-------- Records provided
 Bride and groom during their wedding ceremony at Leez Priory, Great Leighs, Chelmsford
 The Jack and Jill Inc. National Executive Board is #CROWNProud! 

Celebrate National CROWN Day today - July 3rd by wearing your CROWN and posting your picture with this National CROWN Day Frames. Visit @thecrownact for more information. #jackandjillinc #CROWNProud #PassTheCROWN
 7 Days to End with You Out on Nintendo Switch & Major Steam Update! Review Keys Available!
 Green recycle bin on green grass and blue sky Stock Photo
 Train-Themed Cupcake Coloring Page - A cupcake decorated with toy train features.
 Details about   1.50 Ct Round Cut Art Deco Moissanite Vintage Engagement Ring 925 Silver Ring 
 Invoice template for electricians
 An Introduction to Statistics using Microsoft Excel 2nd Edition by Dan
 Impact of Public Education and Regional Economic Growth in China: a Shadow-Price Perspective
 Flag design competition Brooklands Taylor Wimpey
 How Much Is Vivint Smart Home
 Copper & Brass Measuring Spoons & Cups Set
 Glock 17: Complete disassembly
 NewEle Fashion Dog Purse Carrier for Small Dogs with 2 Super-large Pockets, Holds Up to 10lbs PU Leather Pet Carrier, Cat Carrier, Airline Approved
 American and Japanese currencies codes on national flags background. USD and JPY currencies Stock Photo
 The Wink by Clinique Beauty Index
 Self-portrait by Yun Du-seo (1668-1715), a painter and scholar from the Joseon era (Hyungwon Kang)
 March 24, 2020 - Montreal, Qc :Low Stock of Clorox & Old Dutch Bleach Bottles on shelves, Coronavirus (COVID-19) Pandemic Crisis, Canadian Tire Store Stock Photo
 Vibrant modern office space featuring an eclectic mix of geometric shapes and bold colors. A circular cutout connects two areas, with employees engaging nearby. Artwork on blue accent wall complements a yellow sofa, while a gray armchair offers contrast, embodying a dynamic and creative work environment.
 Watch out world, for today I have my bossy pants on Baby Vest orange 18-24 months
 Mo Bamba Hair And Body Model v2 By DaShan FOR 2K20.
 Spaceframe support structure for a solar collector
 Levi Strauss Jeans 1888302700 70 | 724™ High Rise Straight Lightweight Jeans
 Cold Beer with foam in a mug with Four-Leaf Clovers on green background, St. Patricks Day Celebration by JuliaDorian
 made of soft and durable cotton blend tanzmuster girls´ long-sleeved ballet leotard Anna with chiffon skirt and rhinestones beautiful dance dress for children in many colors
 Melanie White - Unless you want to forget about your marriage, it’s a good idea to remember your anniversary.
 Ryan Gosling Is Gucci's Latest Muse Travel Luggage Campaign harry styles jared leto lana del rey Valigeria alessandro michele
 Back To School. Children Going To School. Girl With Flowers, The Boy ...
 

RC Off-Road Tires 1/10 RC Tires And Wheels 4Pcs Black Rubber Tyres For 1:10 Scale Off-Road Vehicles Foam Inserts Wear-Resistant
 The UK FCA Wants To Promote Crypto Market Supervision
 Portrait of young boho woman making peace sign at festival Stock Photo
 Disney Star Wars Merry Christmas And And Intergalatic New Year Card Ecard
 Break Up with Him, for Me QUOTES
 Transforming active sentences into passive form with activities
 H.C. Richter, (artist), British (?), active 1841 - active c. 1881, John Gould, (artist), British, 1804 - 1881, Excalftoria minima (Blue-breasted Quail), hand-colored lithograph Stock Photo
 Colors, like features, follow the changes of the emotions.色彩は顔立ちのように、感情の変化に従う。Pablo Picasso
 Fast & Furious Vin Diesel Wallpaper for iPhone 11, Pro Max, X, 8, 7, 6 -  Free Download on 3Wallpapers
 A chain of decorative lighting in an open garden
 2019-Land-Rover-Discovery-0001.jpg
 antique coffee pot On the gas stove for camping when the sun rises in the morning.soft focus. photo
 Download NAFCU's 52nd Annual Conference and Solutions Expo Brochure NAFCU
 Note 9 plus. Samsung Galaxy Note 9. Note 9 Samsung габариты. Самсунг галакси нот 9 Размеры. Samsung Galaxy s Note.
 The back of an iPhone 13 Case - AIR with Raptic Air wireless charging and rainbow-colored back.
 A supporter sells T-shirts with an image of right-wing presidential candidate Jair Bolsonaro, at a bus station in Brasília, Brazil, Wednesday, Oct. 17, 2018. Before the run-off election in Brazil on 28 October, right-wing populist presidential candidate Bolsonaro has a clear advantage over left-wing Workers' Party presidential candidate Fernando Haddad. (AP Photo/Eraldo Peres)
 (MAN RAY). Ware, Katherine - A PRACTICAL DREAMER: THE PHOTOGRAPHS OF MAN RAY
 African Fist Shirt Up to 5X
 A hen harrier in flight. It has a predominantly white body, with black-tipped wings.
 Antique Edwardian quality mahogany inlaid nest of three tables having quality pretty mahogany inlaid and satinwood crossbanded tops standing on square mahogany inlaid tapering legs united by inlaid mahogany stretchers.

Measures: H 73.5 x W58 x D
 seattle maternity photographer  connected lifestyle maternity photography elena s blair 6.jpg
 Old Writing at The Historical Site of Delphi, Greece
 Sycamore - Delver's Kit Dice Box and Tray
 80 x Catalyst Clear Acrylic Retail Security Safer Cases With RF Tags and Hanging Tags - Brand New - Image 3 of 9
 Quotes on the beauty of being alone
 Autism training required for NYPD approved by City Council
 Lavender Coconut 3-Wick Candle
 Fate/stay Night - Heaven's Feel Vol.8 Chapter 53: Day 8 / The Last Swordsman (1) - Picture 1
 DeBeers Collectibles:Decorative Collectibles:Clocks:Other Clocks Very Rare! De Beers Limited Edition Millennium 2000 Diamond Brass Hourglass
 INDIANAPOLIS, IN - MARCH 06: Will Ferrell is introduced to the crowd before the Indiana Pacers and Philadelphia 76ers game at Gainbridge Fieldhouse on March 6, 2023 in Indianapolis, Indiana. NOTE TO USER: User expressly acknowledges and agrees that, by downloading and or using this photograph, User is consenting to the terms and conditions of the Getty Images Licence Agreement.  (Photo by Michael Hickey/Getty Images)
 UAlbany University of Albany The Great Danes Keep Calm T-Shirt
----------------
__What you should do__
Would you output, from the records above, exactly the run of lines that starts at the line containing "antique coffee pot" and ends at the line containing "The back of", and only that run?

__Exercise output__
 antique coffee pot On the gas stove for camping when the sun rises in the morning.soft focus. photo
 Download NAFCU's 52nd Annual Conference and Solutions Expo Brochure NAFCU
 Note 9 plus. Samsung Galaxy Note 9. Note 9 Samsung габариты. Самсунг галакси нот 9 Размеры. Samsung Galaxy s Note.
 The back of an iPhone 13 Case - AIR with Raptic Air wireless charging and rainbow-colored back.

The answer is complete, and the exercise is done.